**WORK ITEM:**
Pictures within the data are to be left out; everything else must be reproduced exactly.

**THE DATA:**
'''

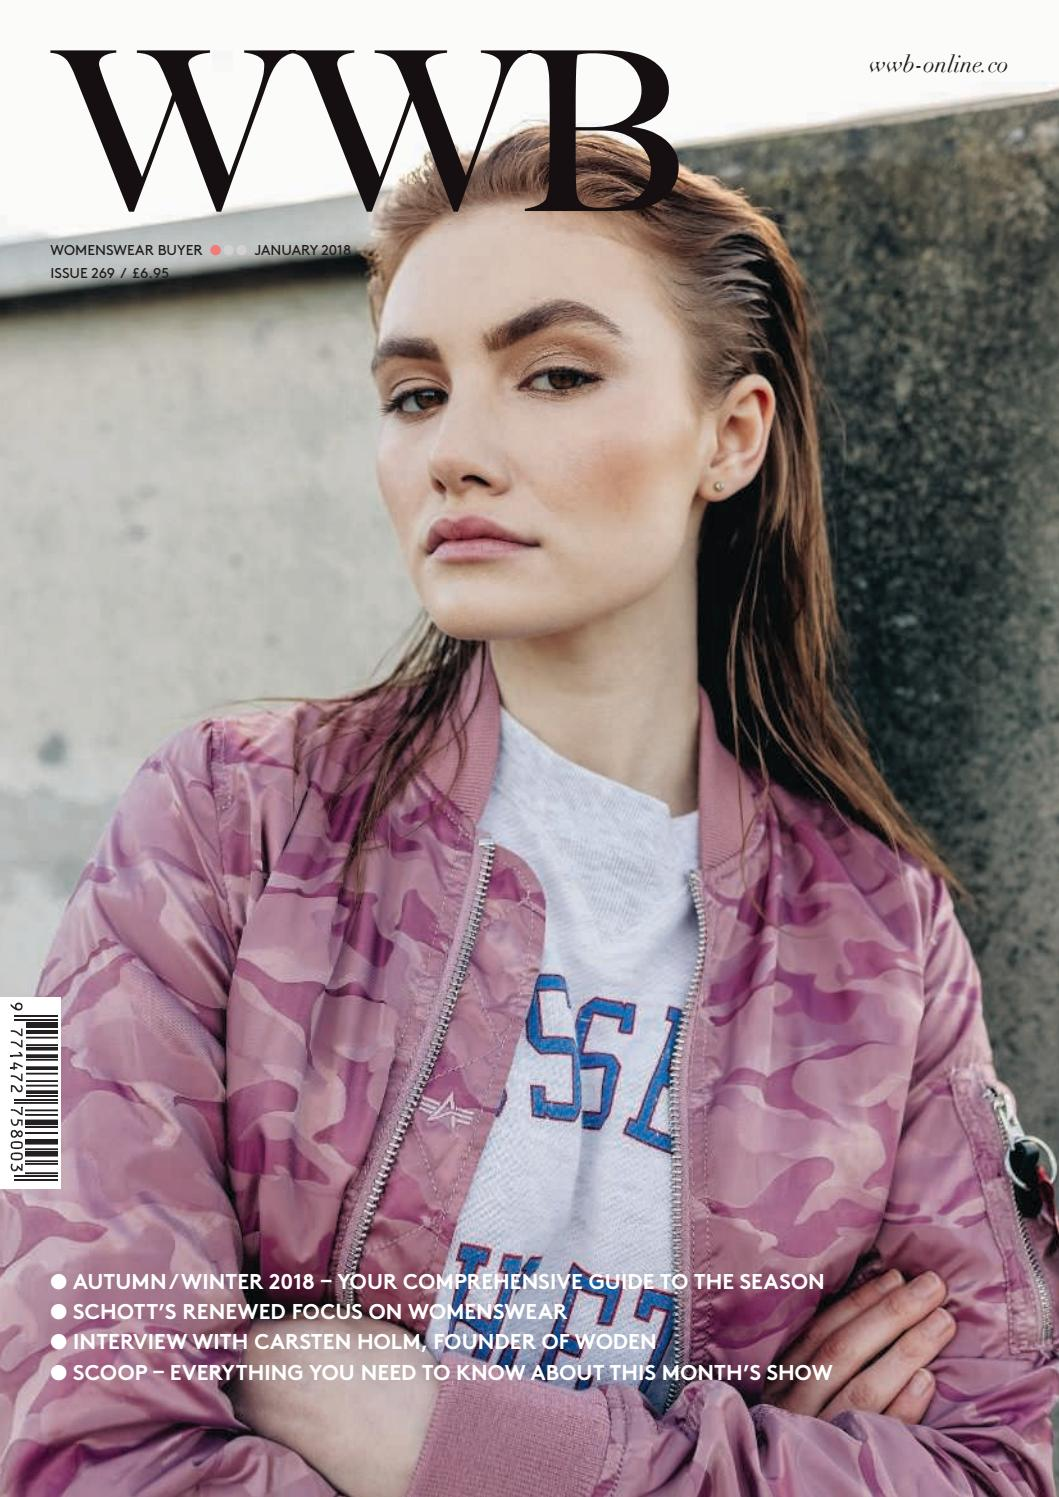 WWB MAGAZINE JANUARY 2018 ISSUE 269 by fashion buyers Ltd
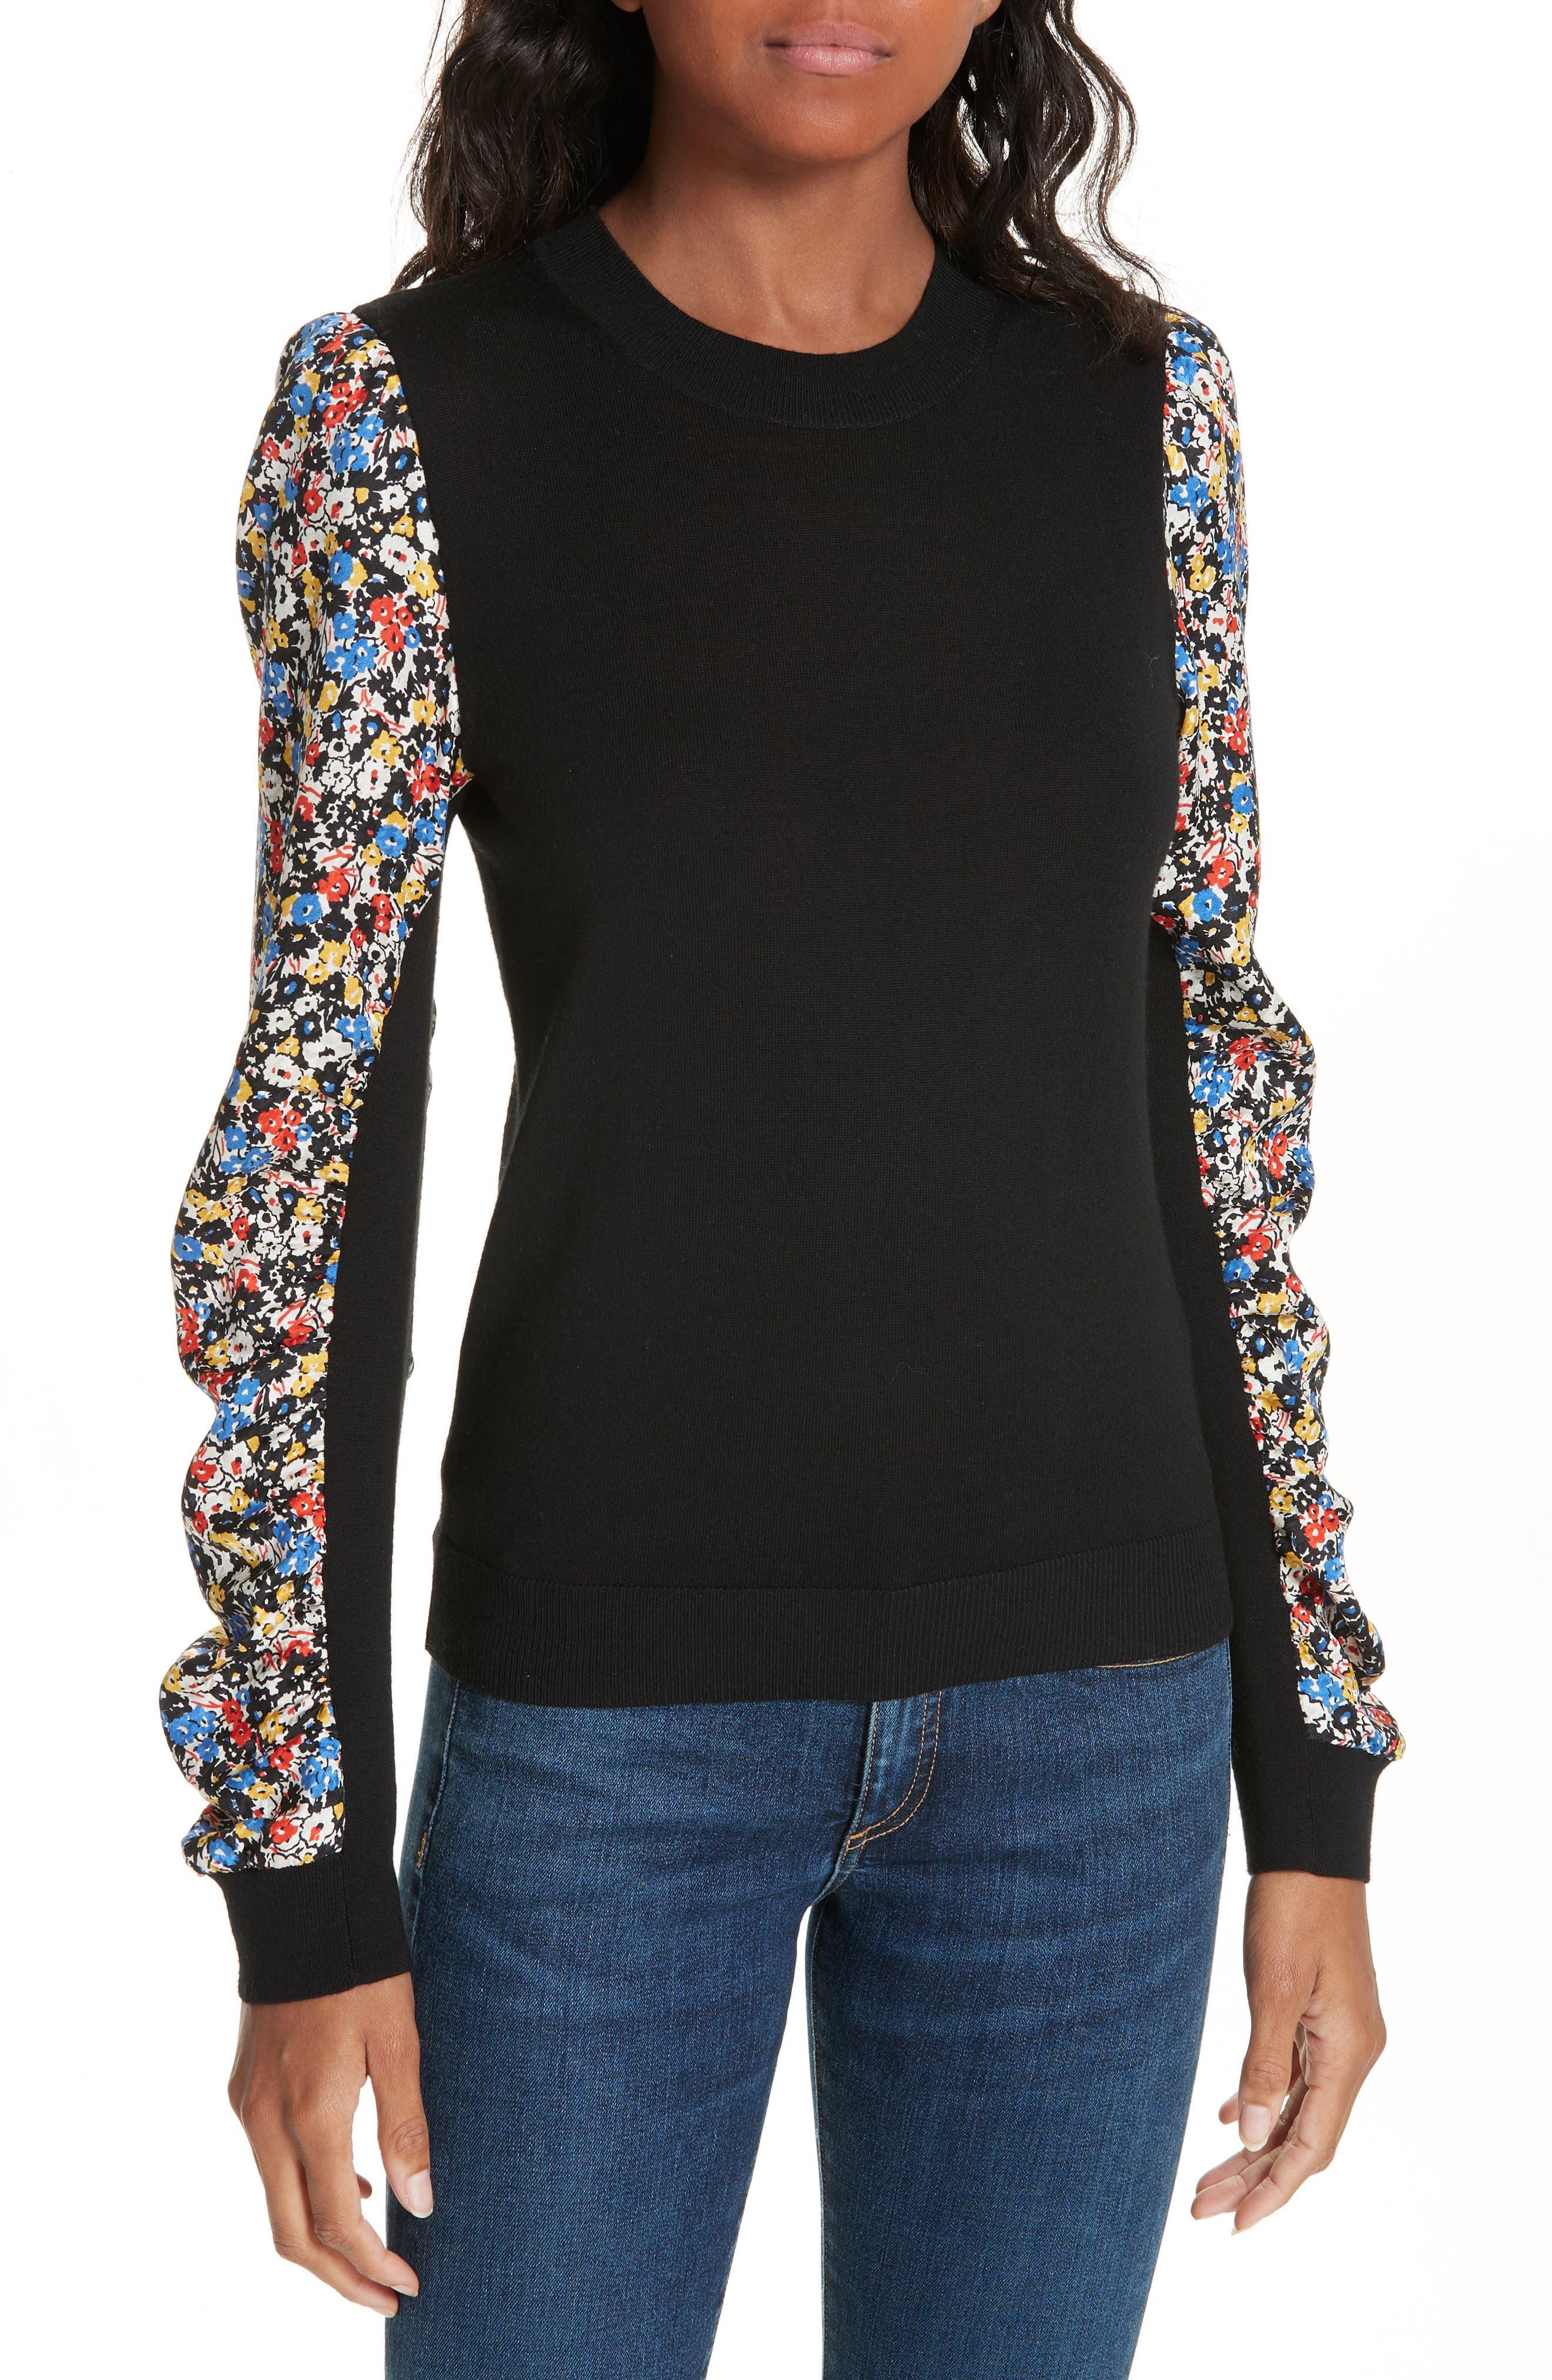 Adler Stretch Silk Sleeve Merino Wool Sweater,                         Main,                         color, BLACK FLORAL
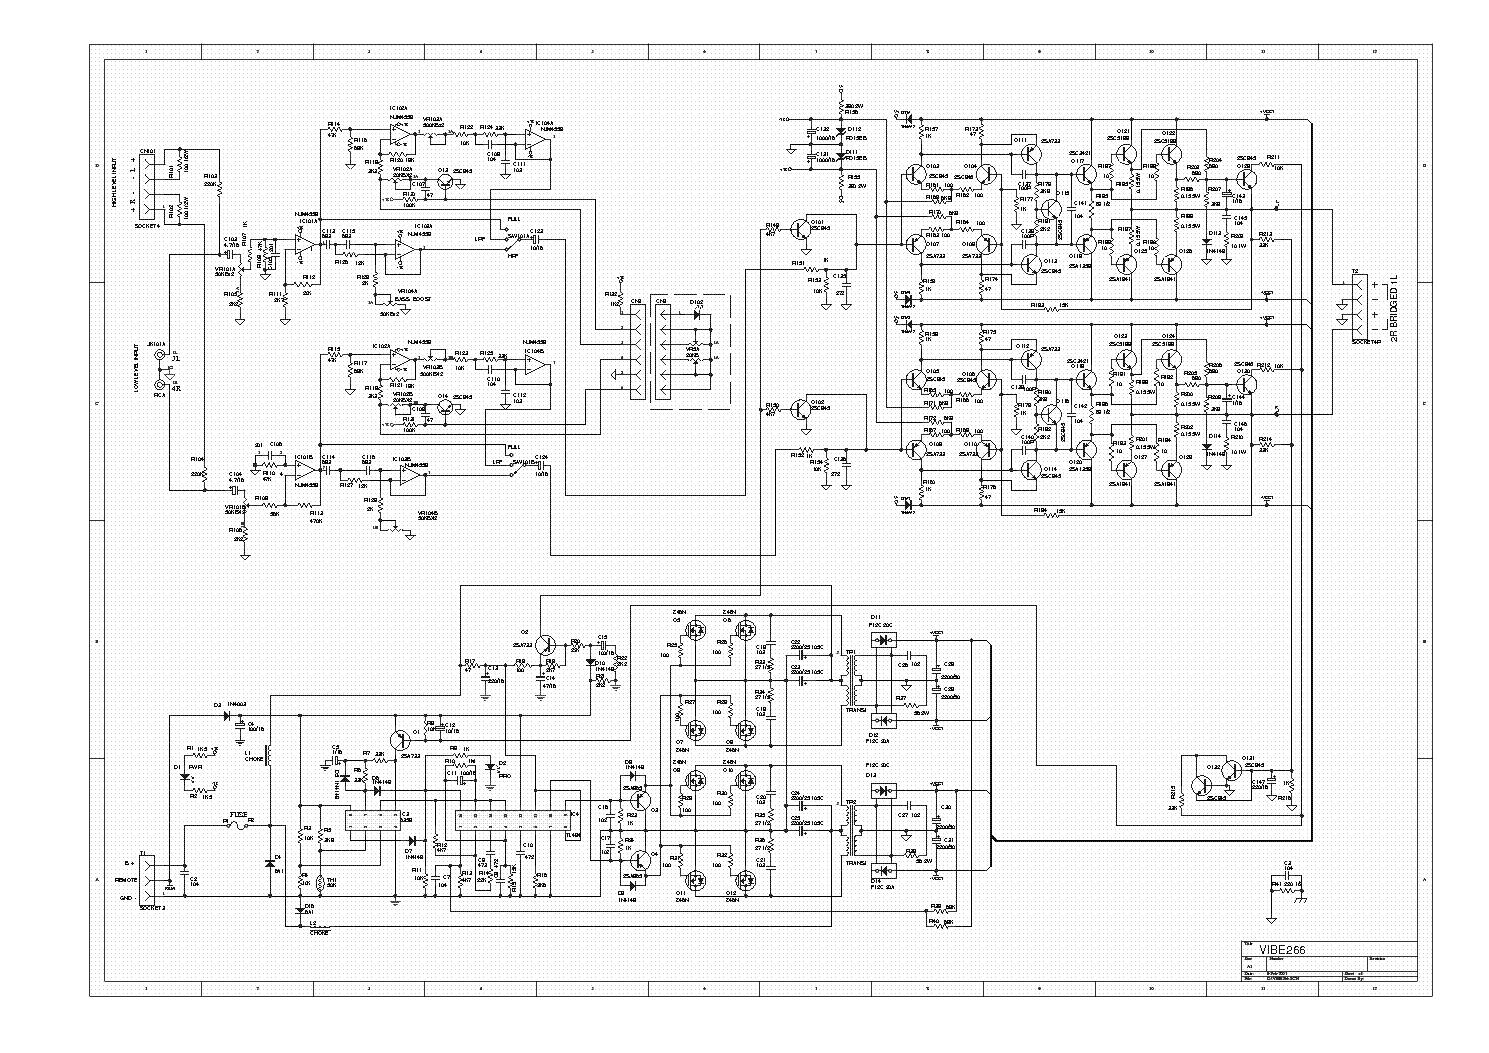 lanzar vibe266 car amplifier sch service manual download  schematics  eeprom  repair info for
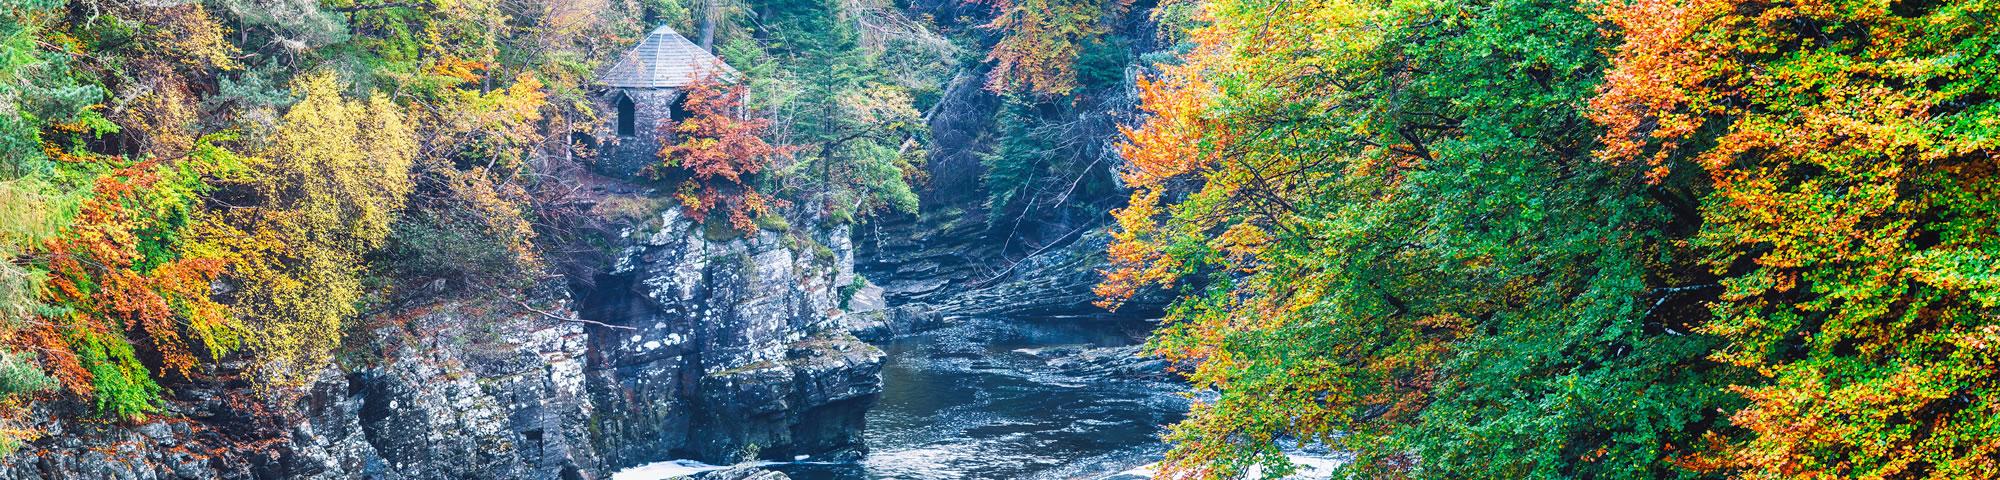 Invermoriston Falls with the Summer House at autumn.

'''

**ANSWER TO THIS TASK:**
 WWB MAGAZINE JANUARY 2018 ISSUE 269 by fashion buyers Ltd
 Adler Stretch Silk Sleeve Merino Wool Sweater,                         Main,                         color, BLACK FLORAL
 lanzar vibe266 car amplifier sch service manual download  schematics  eeprom  repair info for
 Invermoriston Falls with the Summer House at autumn.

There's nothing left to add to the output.